* Given information:
--- --- ---

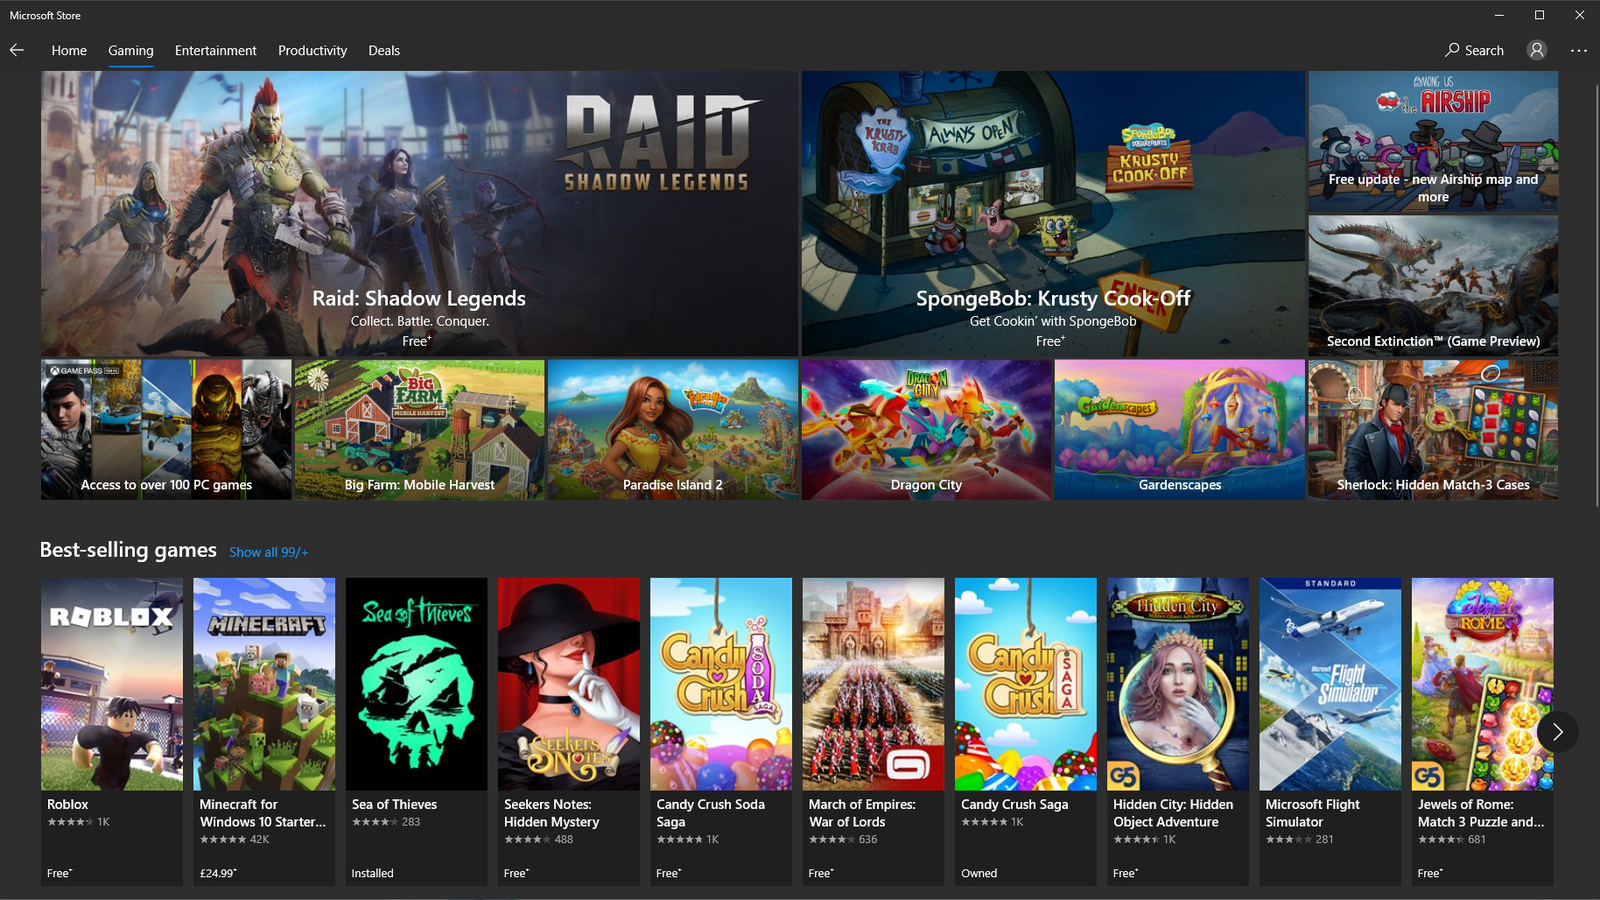 Top free games - Microsoft Store
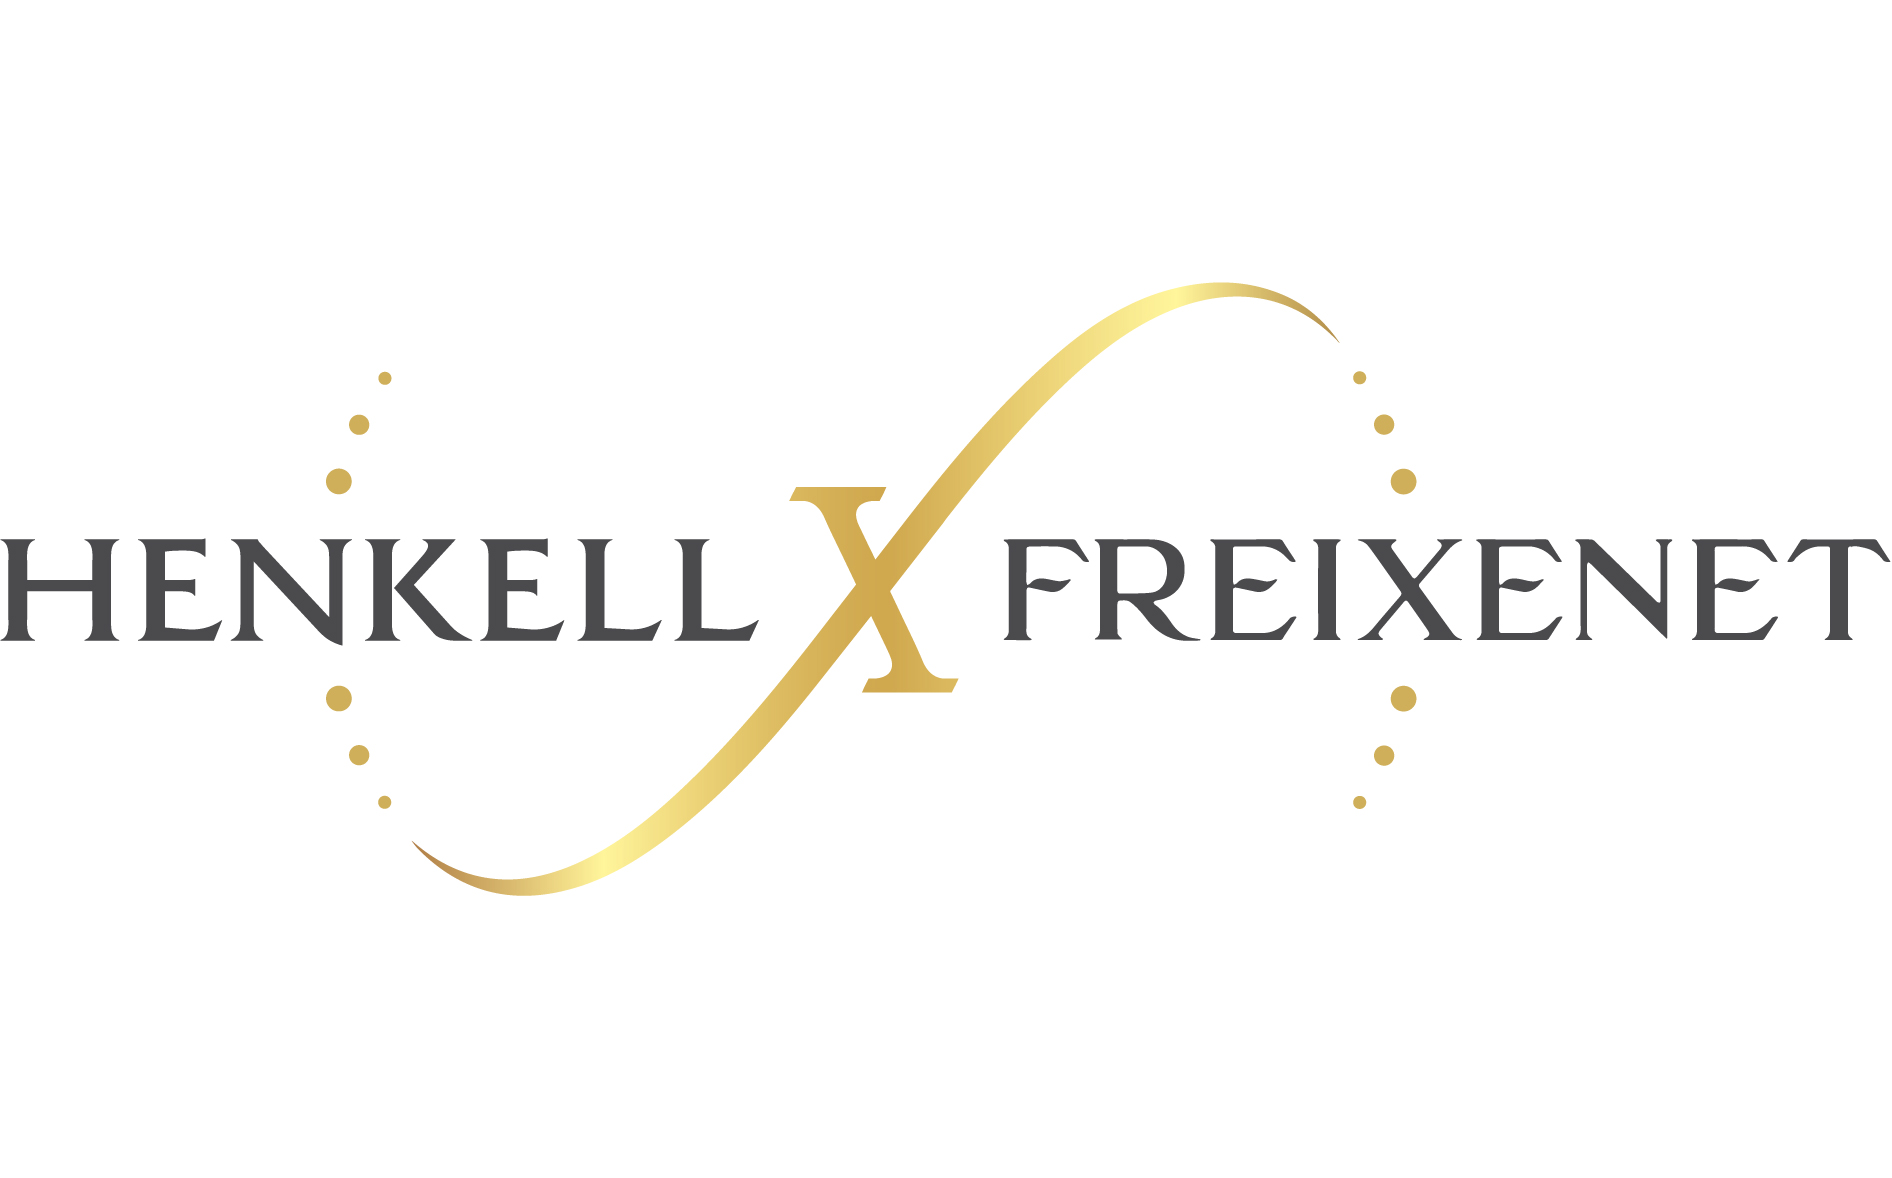 Henkell & Co and Freixenet to be renamed Henkell Freixenet
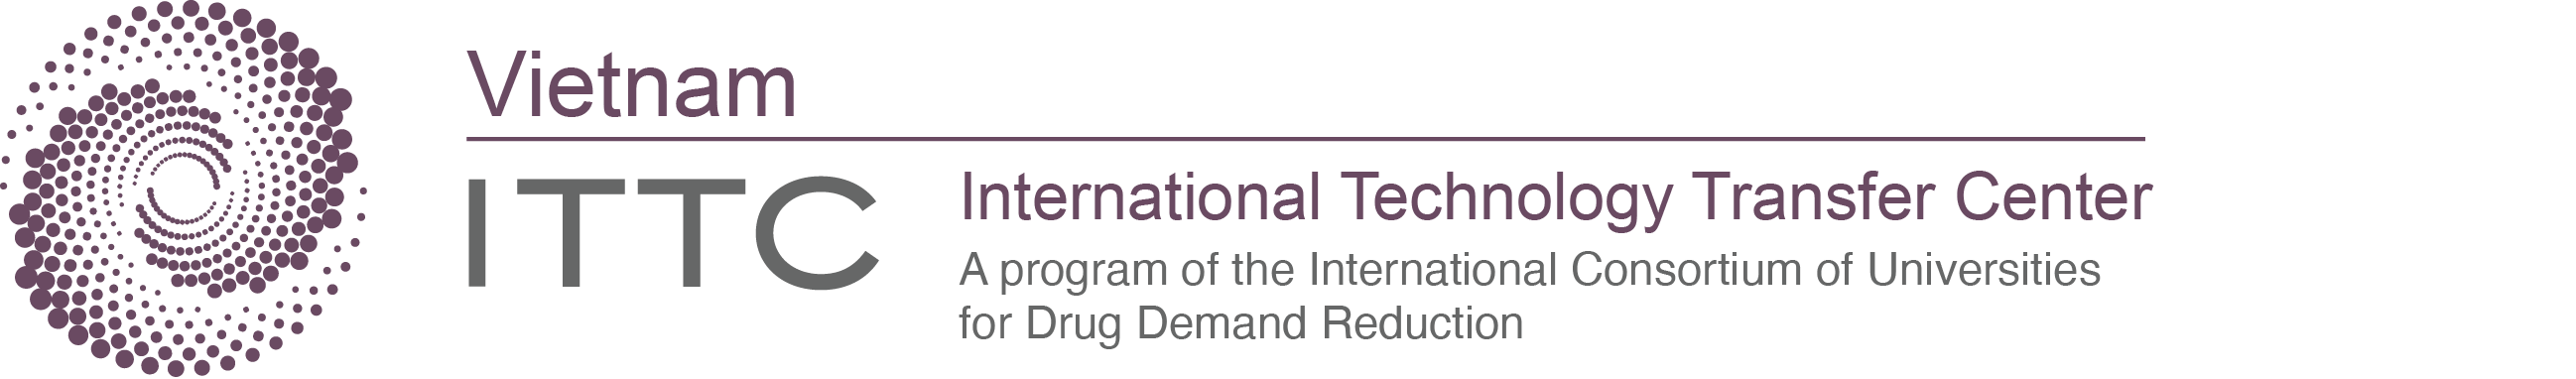 Vietnam International Technology Transfer Center Logo

--- --- ---

* Task directions: Print out all the material above exactly as it appears, omitting the images.

* Exercise output:
 Top free games - Microsoft Store
 Henkell & Co and Freixenet to be renamed Henkell Freixenet
 Vietnam International Technology Transfer Center Logo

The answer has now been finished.